Two larger Star Wars figurines positioned above smaller Star Wars figurines, one of them riding a blue tricycle

But part of understanding ourselves as adults involves excavating the past. What really happened to us during our formative childhood years within our families? Early crises, relational patterns, difficult times, family role expectations and unsettling events contain important information and bring crucial insights about how we learned to relate to others and why. The path we may need to take in therapy or other form of self-inquiry may involve undoing old loyalties that no longer serve us now, and creating new loyalties that do.

When it come to our parents, this can mean giving up the “official” story we grew up broadcasting. At the same time, as you relinquish the official story in favor of our truth, you’ll likely notice the parent police showing up. Be ready for them. They don’t go away, though they do grow quieter. Notice how they manifest. When you choose your own healing over secret-keeping, self-deception and blind loyalty to the past, expect flashing lights and sirens. Often, the parent police will appear in the form of shame, guilt, rationalizations, self-doubt, insecurity, confusion, and self-sabotaging behaviors.

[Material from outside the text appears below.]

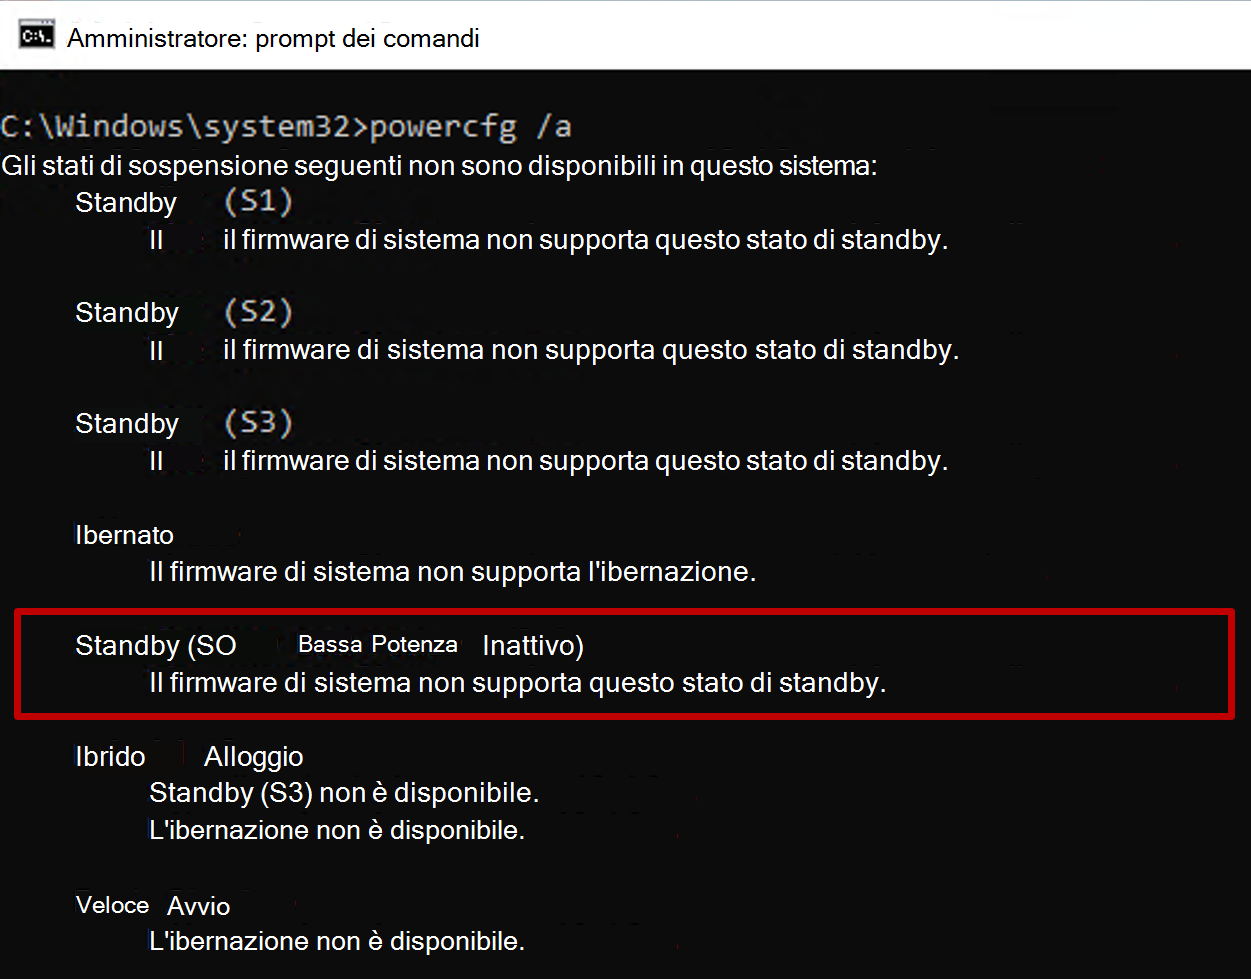 Screenshot del prompt dei comandi che mostra l'output del comando powercfg con stato Standby S0 non disponibile.

Self-Compassion Begins with Truth

A woman in a black dress with her arms outstretched and her face up floats in green water surrounded by white and red flowers.

 

It’s important to balance awareness of the parent police with compassion and understanding for your real-life, flawed, human parents, and for the fact that most of the time, they did in fact do the best they could with what they had. But in order to get to a place of true compassion for your parents’ limitations, you may want to begin with self-compassion. Self-compassion begins with seeing our earliest childhood experiences clearly

Swiss psychologist Alice Miller famously said, “The truth about our childhood is stored up in our body, and although we can repress it, we can never alter it. Our intellect can be deceived, our feelings manipulated, and conceptions confused, and our body tricked with medication. But someday our body will present its bill, for it is as incorruptible as a child, who, still whole in spirit, will accept no compromises or excuses, and it will not stop tormenting us until we stop evading the truth.”

Honor, Grieve and Grow

As you get to know yourself better–acknowledging your own earliest developmental experiences rather than dismissing them–be aware of the parent police. They may try to arrest your growth by insisting on family loyalty over loyalty to the deep, cellular truth of your own lived experience. They’re just doing their job. But they only have power if you’re not aware of them. You no longer have to buy into an official story of the past at your own expense. You can honor yourself, grieve your flawed parents and the deficits of your childhood, and grow into being more wholly, authentically you.